Some awesome colours in these photos!


----------



## EddieB (May 13, 2006)

Awesome website you've got there... hope to get to this quality one day!


----------



## Dan_Knightsval (Nov 10, 2010)

Appreciate it Eddie. If you need any help with anything, just pop me over a message.  Just keep practicing and read photography mags/books!


----------



## EddieB (May 13, 2006)

Dan_Knightsval said:


> Appreciate it Eddie. If you need any help with anything, just pop me over a message.  Just keep practicing and read photography mags/books!

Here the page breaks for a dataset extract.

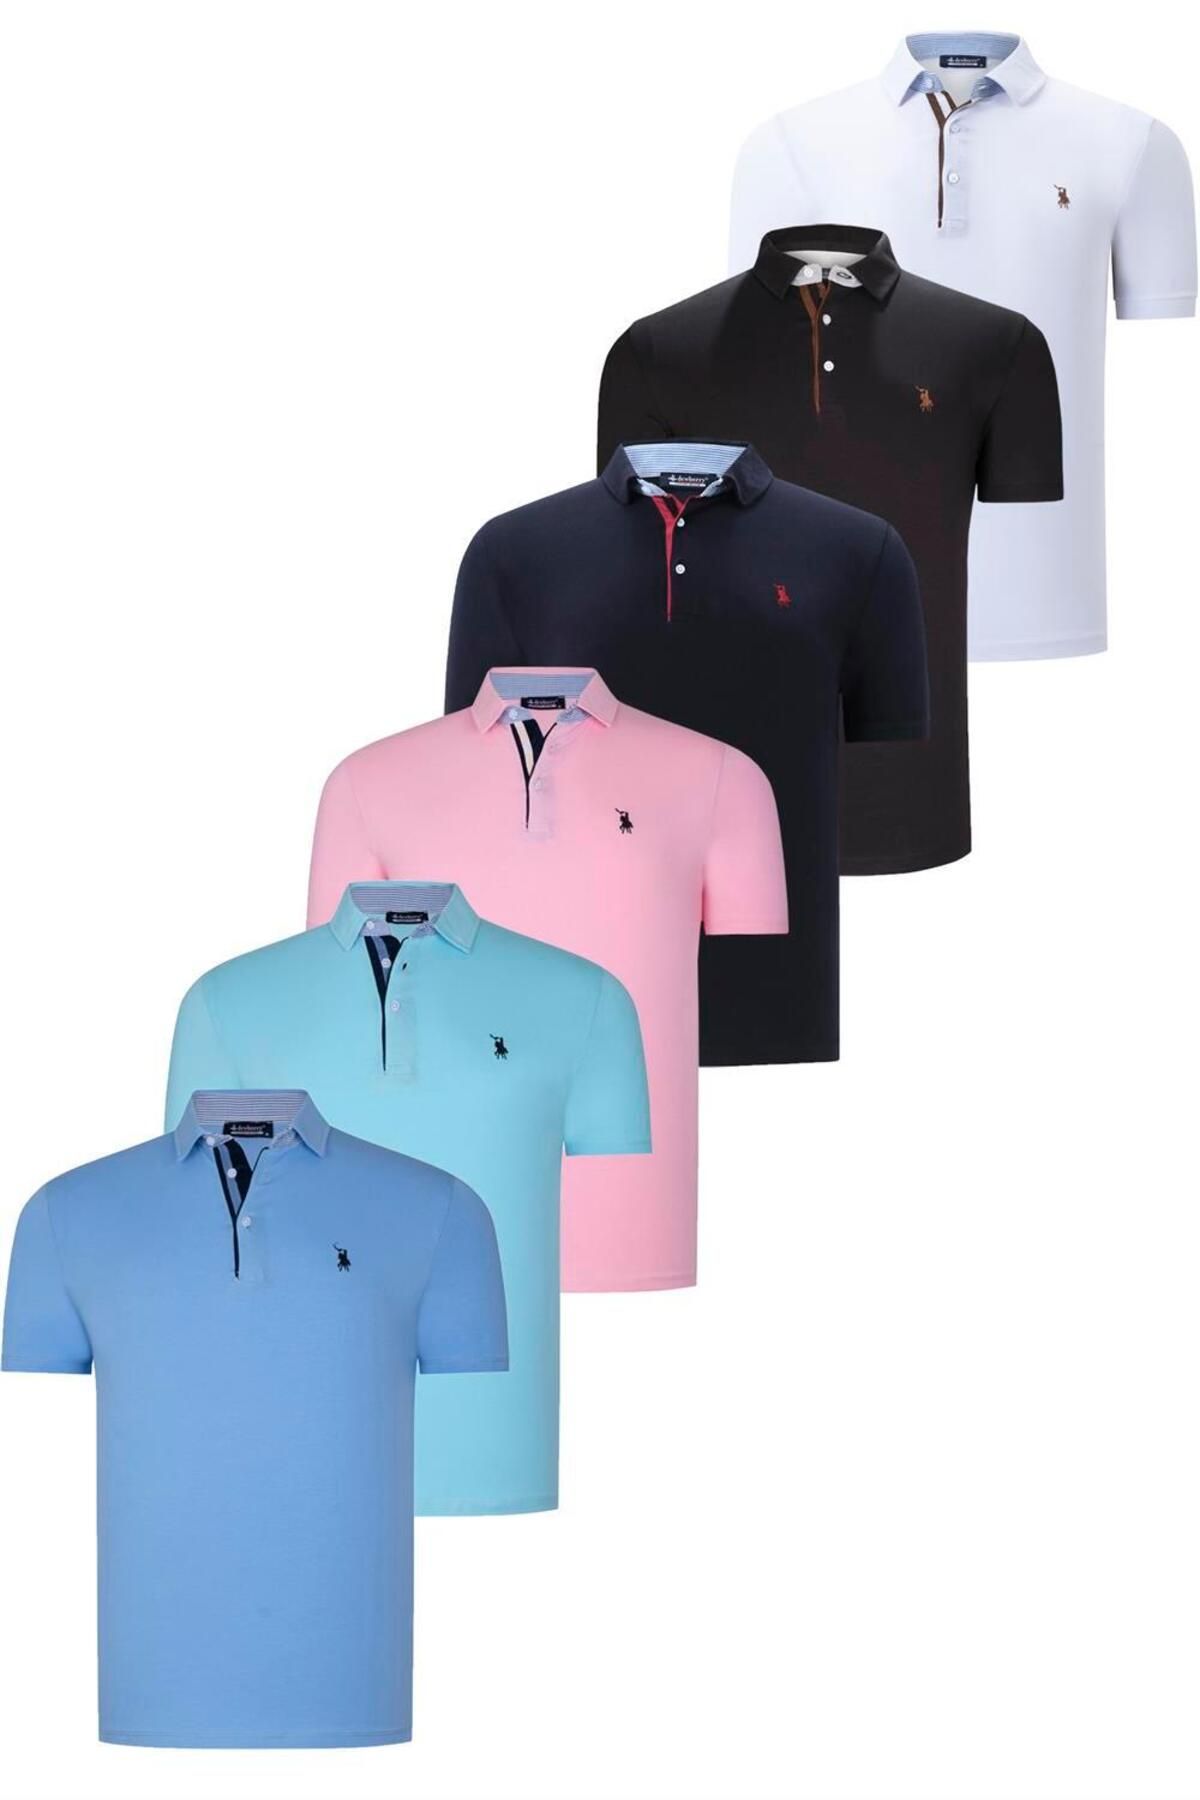 Dewberry ست 6 عددی تی شرت مردانه DEWBERRY T8582-مشکی-سفید-آبی تیره-صورتی-فیروزه ای-آبی روشن

Cheers - I drive the misses mad, spend every minute reading and researching. Slowly building my kit up but still have a massive wish list and if I could would spend every living minute with the camera. I spend loads of time in the South West with work and kills me not being able to get out and photograph the landscapes/seascapes around there!


----------



## Dan_Knightsval (Nov 10, 2010)

Lol, I know exaclty what you mean. That's a great thing to have, passion! It takes so much time and dedication. Don't worry to much about having loads of equipment and the fancy top of the range cameras. I see many photos from guys using canon 5D's, and you wouldn't think it looking at their photos. Get the essentials.


----------



## B2ONGO (May 5, 2011)

These are great shots mate. :thumb:


----------



## sebjonesy (Dec 15, 2011)

fantastic work!! need alot of patience and skill for these kind of shots, not to mention an eye for beauty! you have some skill, maybe sends those shots off to M&S?


----------



## Dan_Knightsval (Nov 10, 2010)

@B2ONGO - Glad you like them 
@sebjonesy - Thanks! I do need to do something with them. They just sit in my portfolio by my bed. It's just getting to the important people that's the hard part. Independent restaurants are my best bet at the moment. M&S would be good one day.


----------